Plaintiff has demonstrated an adequate ability to articulate his position pro se with the resources available to him. The Court notes that plaintiff has filed numerous actions in proper person recently, reflecting a continuing ability to litigate in proper person. It further does not appear that plaintiff's underlying claims have a substantial likelihood of success. Viewing these factors together, the Court does not find that exceptional circumstances exist that would warrant requesting a private attorney to voluntarily take the case.
IT THEREFORE IS ORDERED that the Clerk of Court shall file the complaint and that the complaint is DISMISSED without prejudice, subject to an opportunity to amend the complaint within thirty (30) days of entry of this order to correct the deficiencies identified in this order, to the extent possible.
IT FURTHER IS ORDERED that final judgment will be entered dismissing this action, without further advance notice, if plaintiff does not timely mail for filing an amended complaint correcting the deficiencies identified in this order or if any amended complaint filed does not correct the deficiencies.
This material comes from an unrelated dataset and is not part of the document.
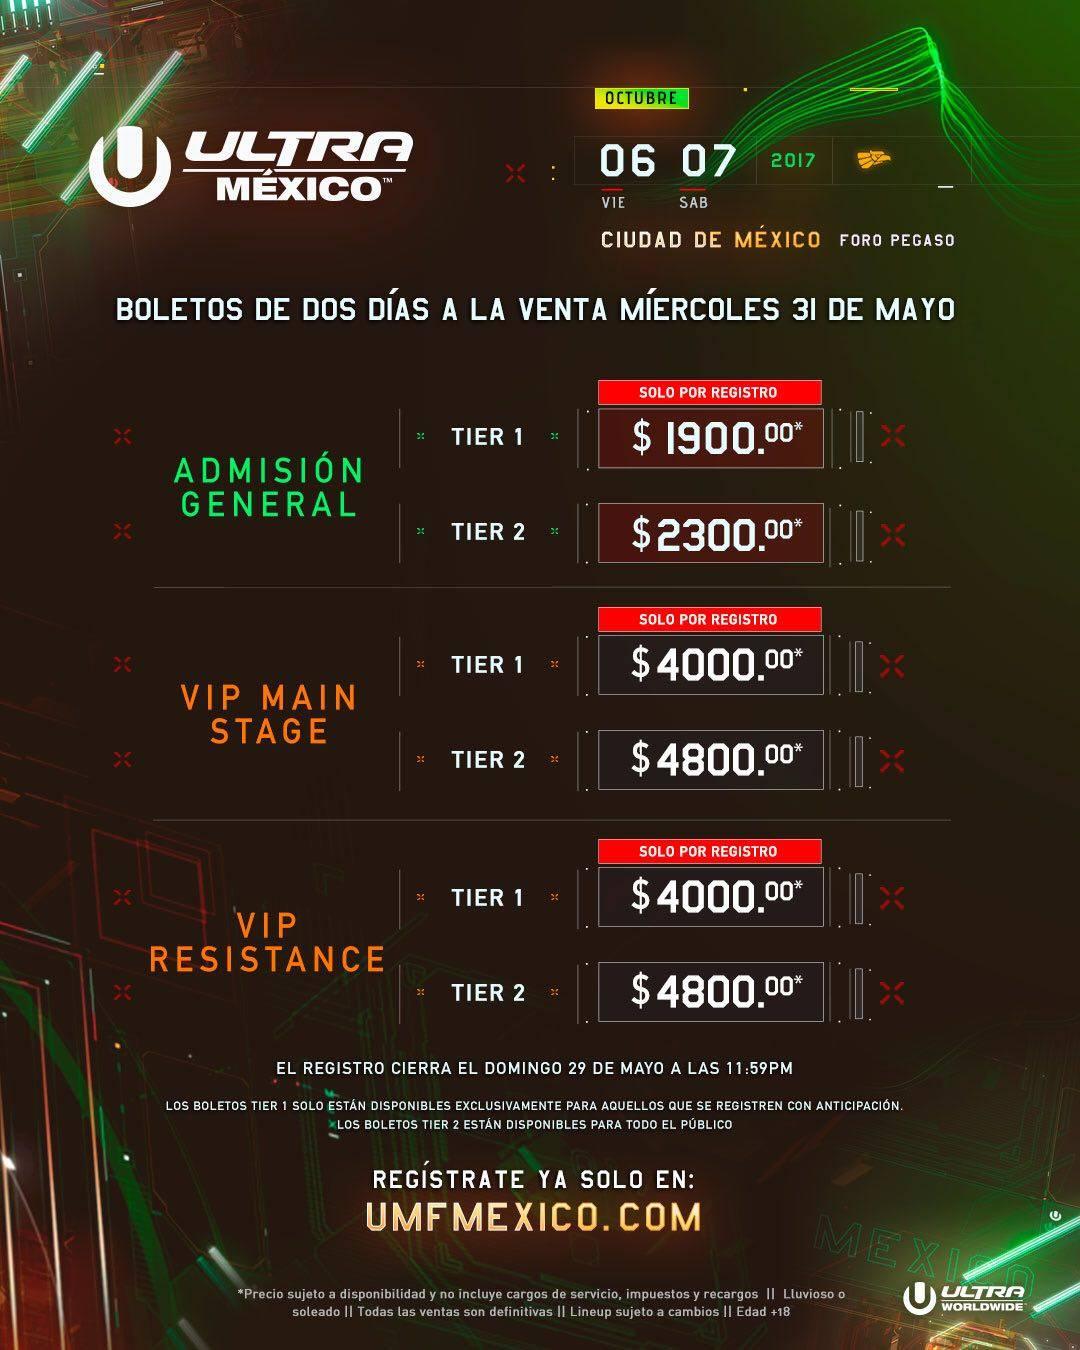 ultra-tickets-pic1.jpg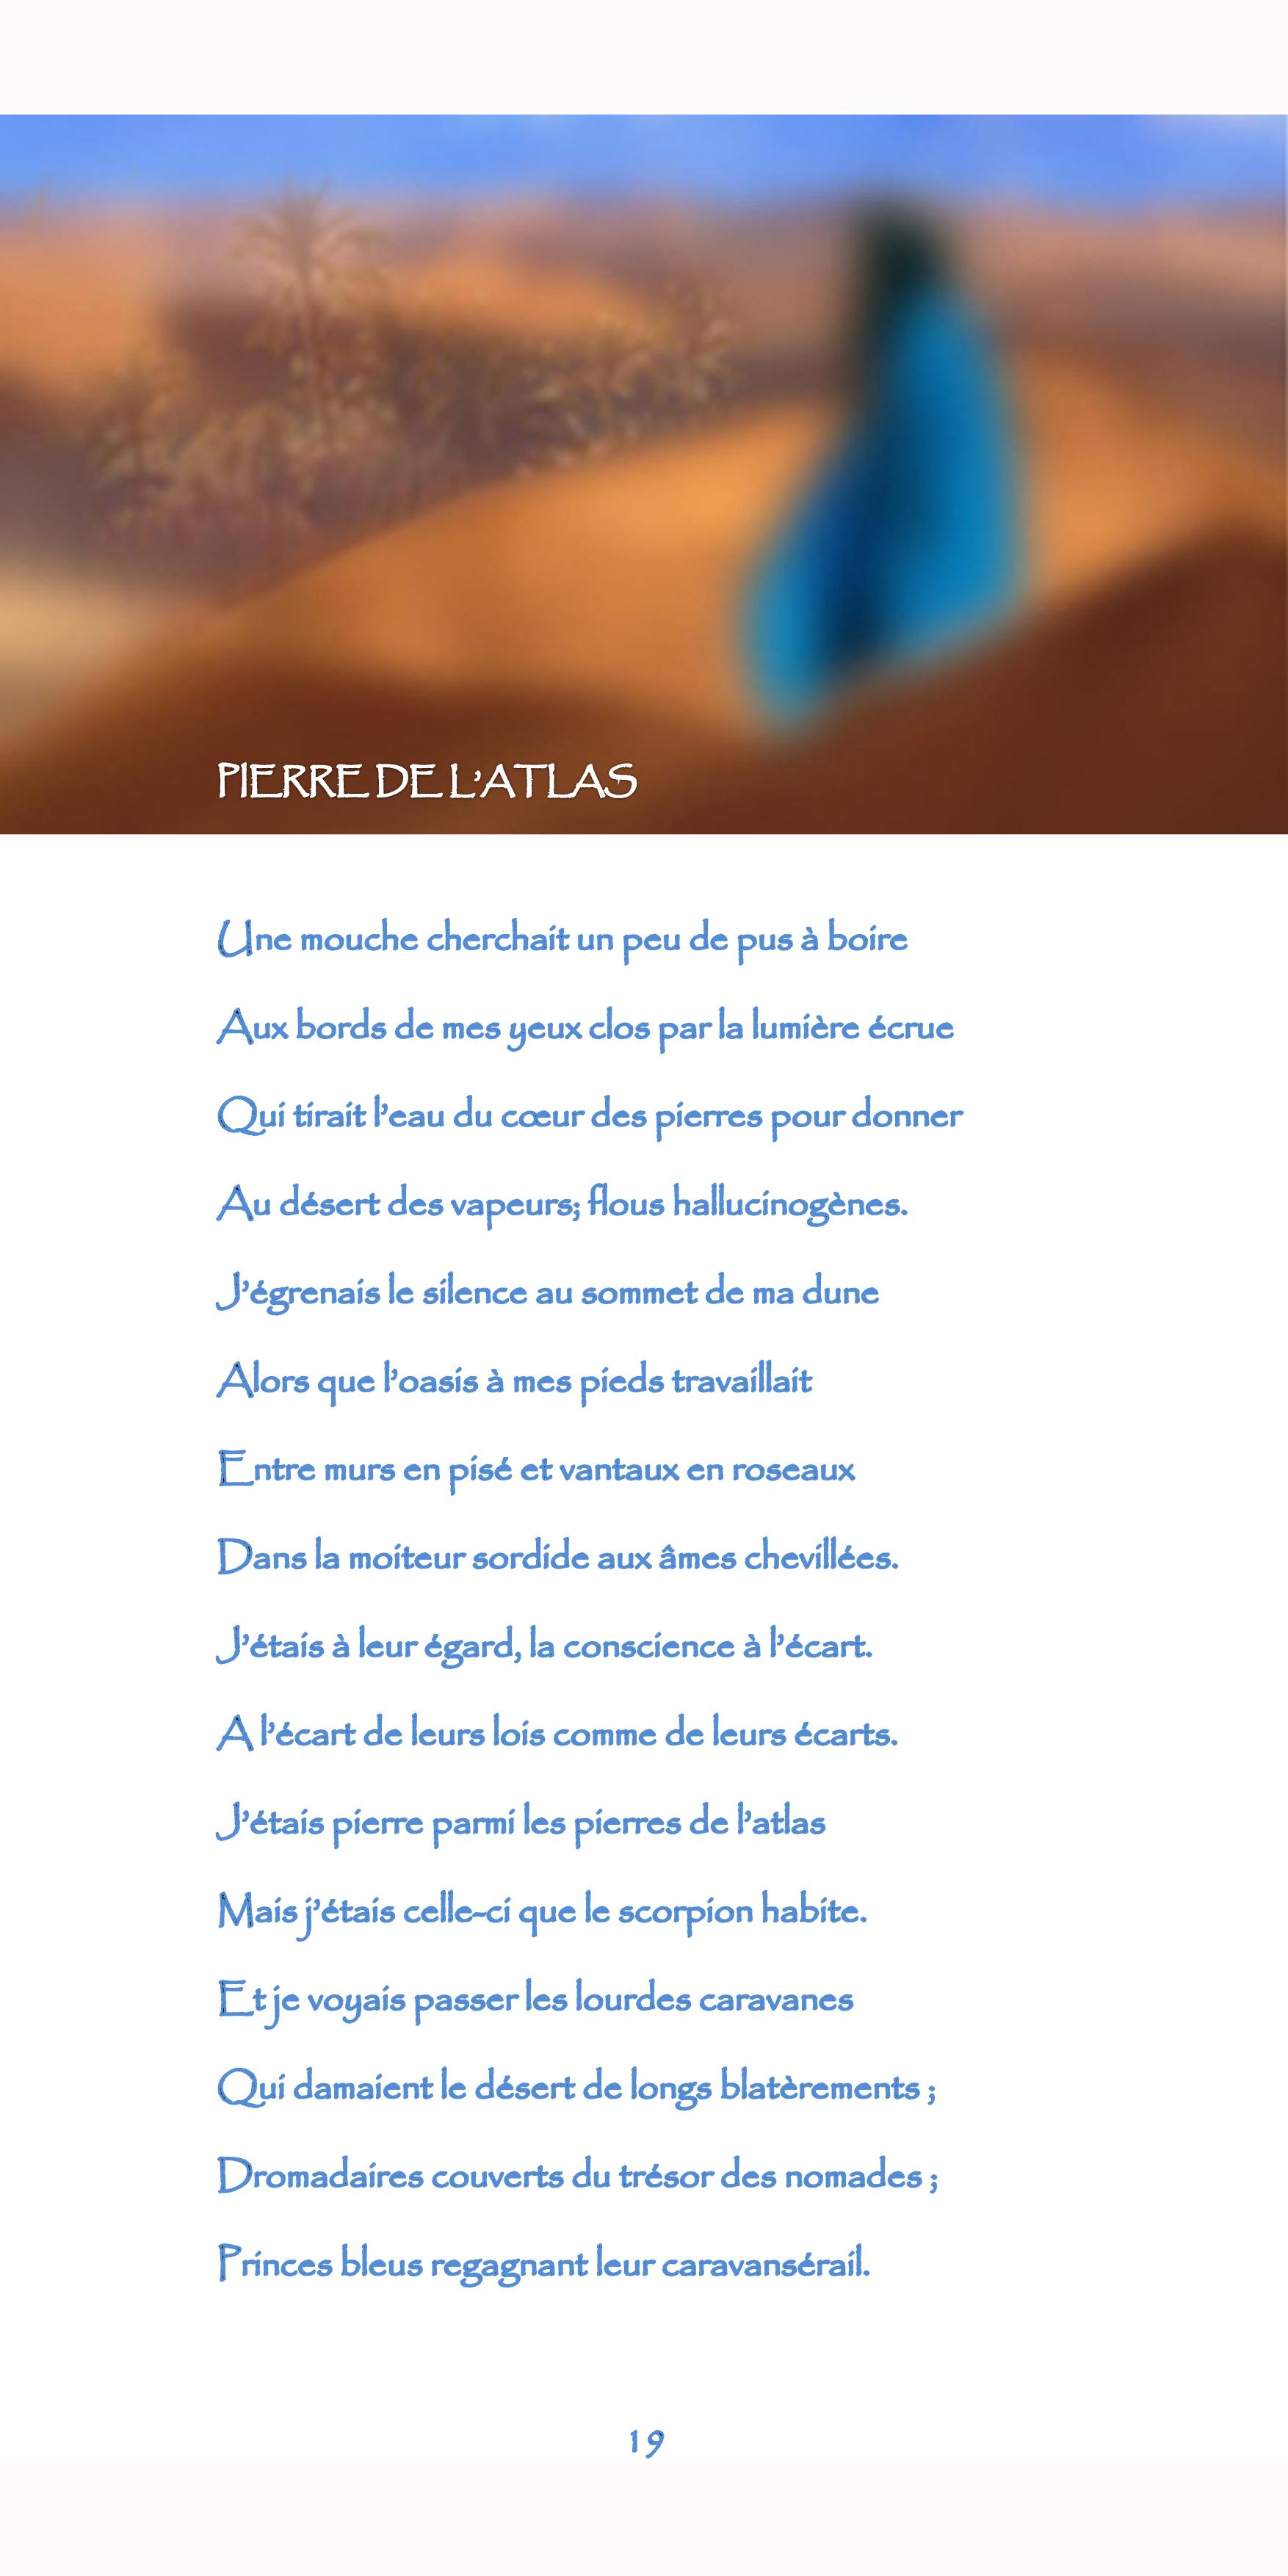 19-nègre bleu-pierre de l'Atlas.jpg

IT FURTHER IS ORDERED that, on any such amended complaint filed, plaintiff shall clearly title the amended complaint as an amended complaint by placing the word "AMENDED" immediately above "Civil Rights Complaint" on page 1 in the caption and shall place the docket number, 3:13-cv-00392-RCJ-WGC, above the word "AMENDED" in the space for "Case No." Under Local Rule LR 15-1, any amended complaint filed must be complete in itself without reference to prior filings. Thus, any allegations, parties, or requests for relief from prior papers that are not carried forward in the amended complaint no longer will be before the Court.
IT FURTHER IS ORDERED that the Clerk shall file the motions submitted with the complaint, that both motions are DENIED, and that the Clerk shall reflect the denial of the motions by this order on the docket as per the Clerk's current practice for such matters.